### TASK INPUTS:
•••••

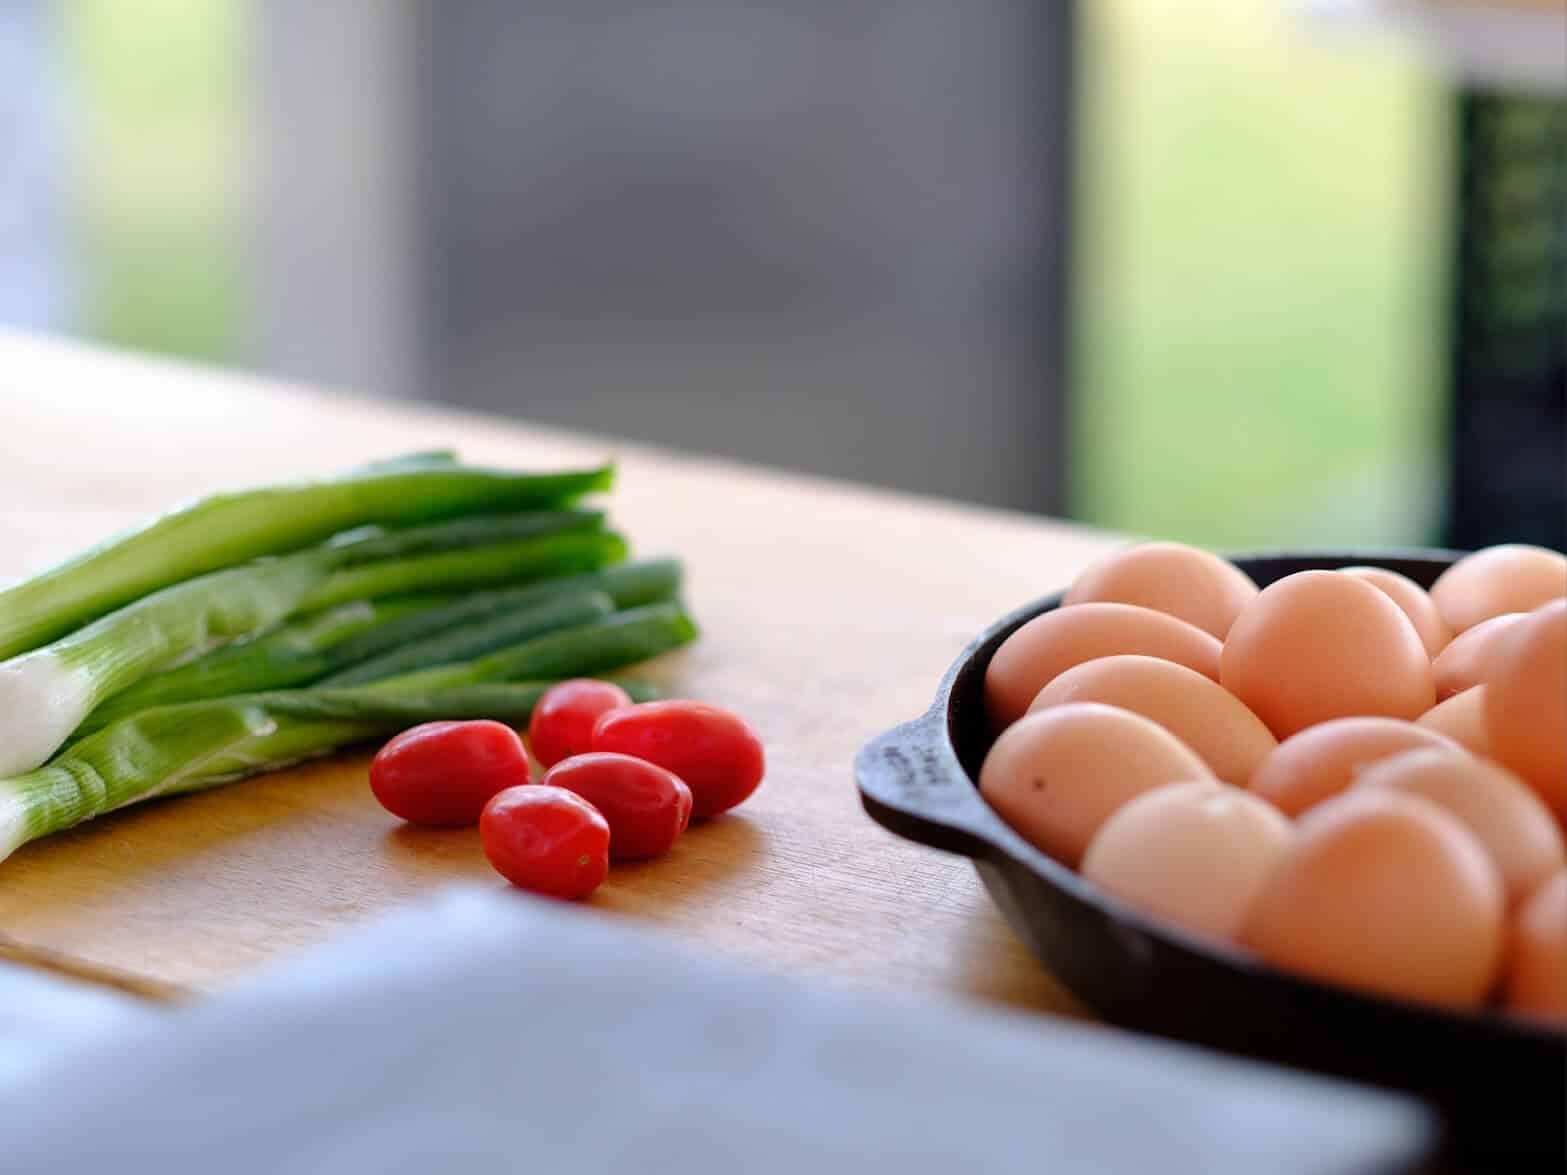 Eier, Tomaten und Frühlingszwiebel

•••••

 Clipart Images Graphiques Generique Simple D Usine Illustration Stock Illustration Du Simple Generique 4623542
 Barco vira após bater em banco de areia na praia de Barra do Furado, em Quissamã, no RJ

•••••

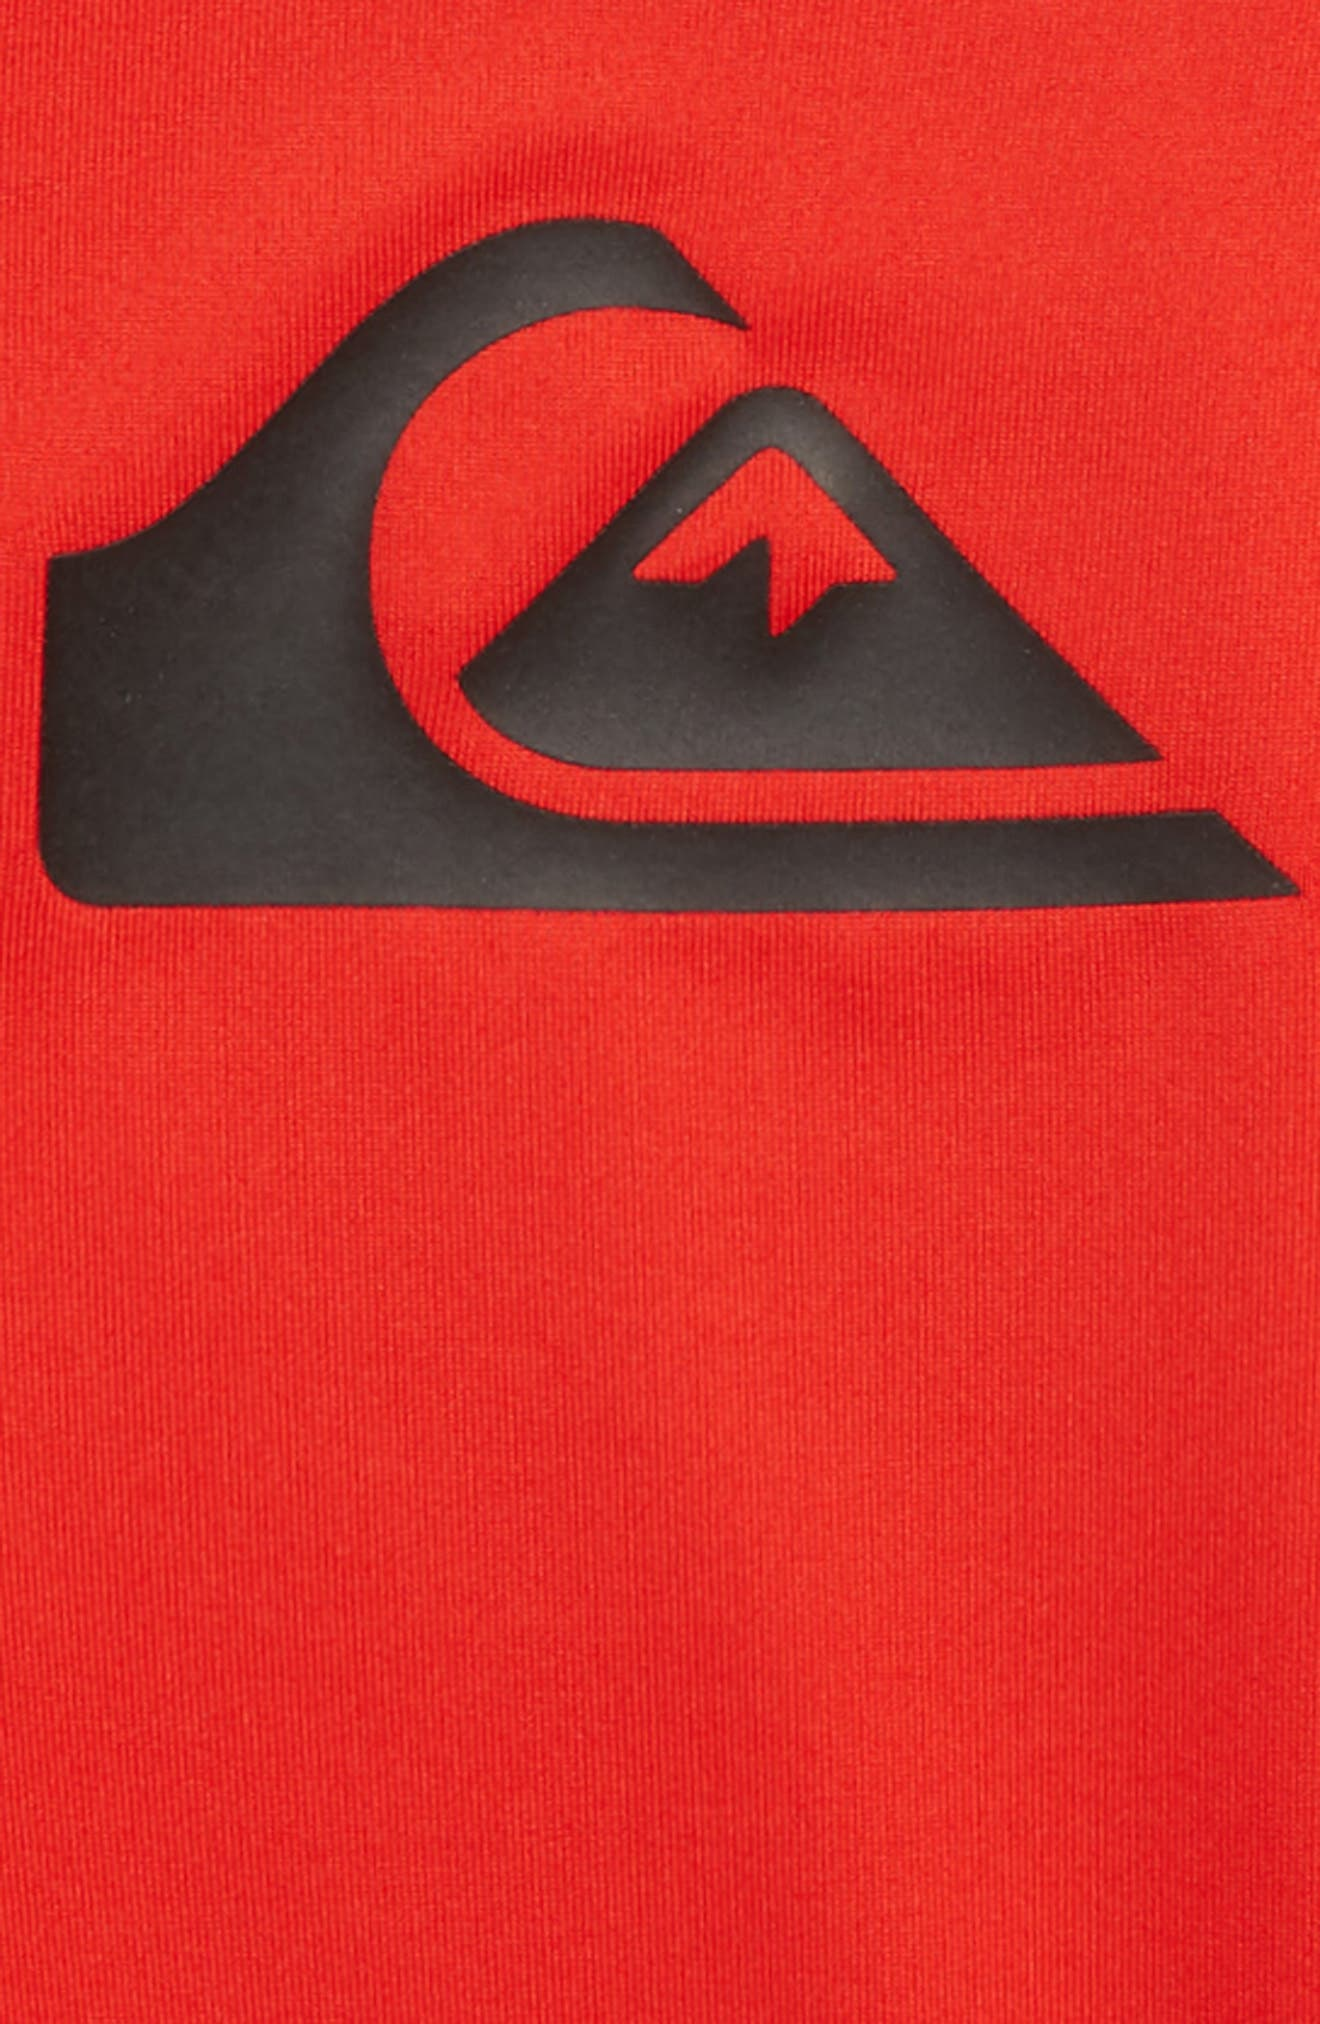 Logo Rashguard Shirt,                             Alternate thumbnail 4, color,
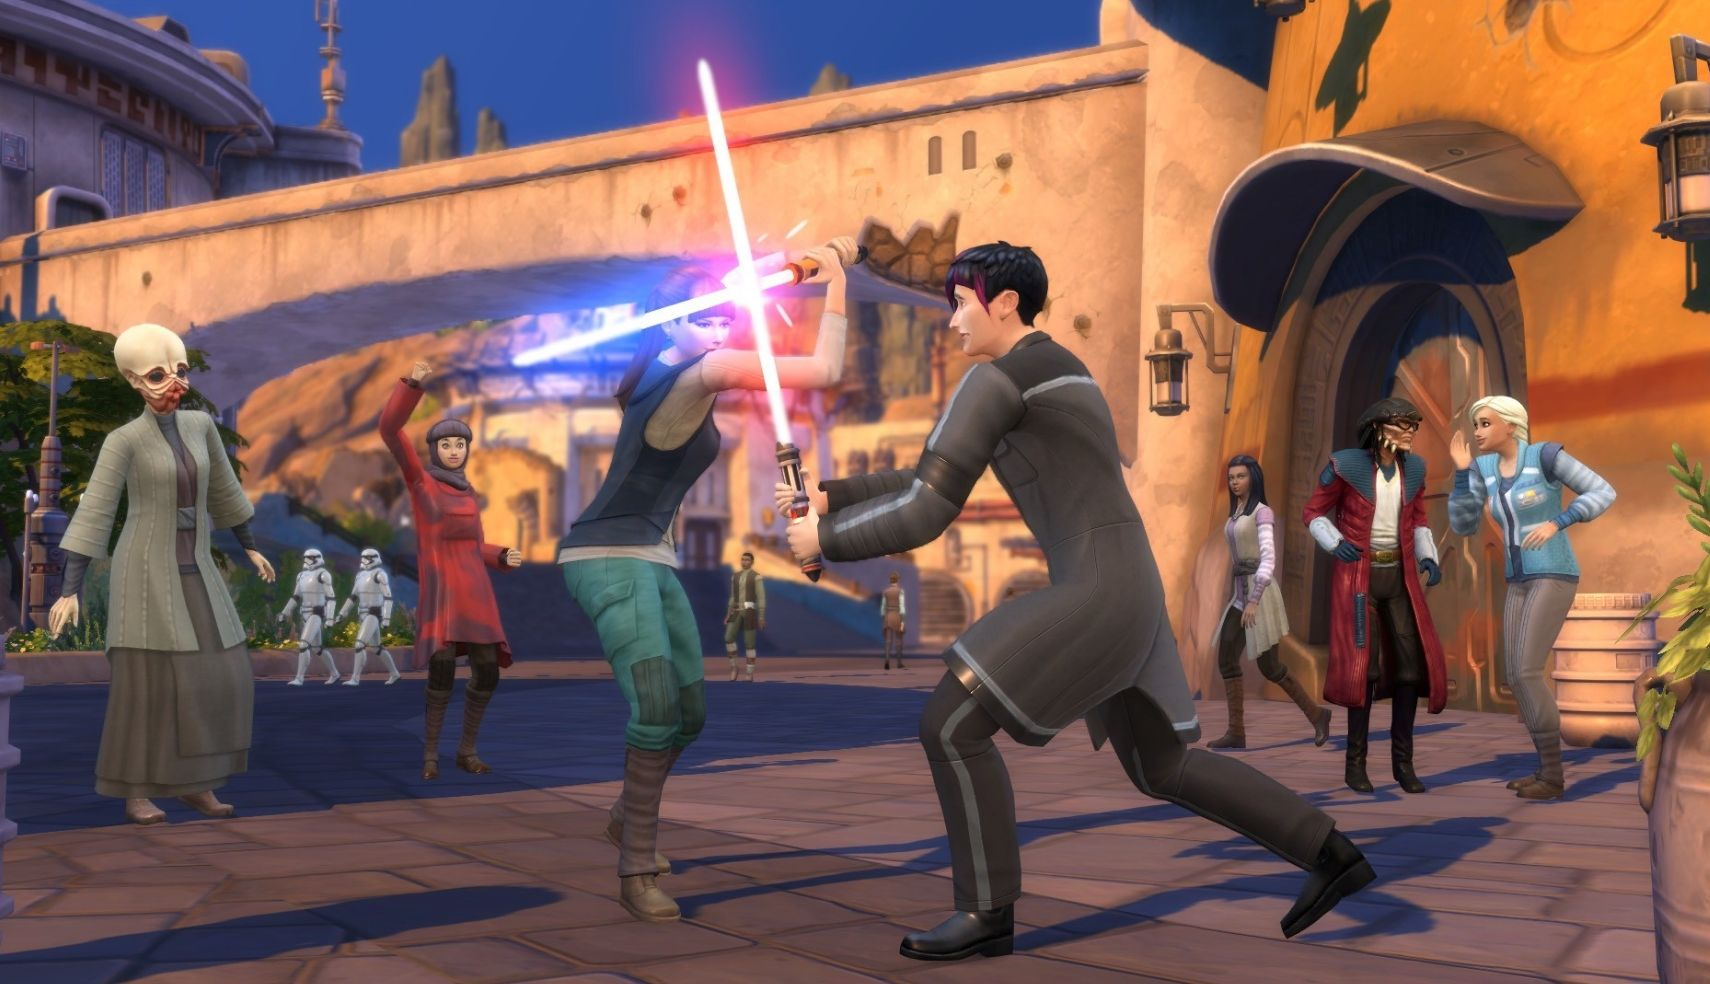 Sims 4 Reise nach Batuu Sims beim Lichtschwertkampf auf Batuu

•••••

### WHAT IS EXPECTED:
What you give back should be only the lines of the records above, starting at the line with "Clipart Images Graphiques" and ending at the line with "Barco vira após", restated word for word.

### RESPONSE BELOW:
 Clipart Images Graphiques Generique Simple D Usine Illustration Stock Illustration Du Simple Generique 4623542
 Barco vira após bater em banco de areia na praia de Barra do Furado, em Quissamã, no RJ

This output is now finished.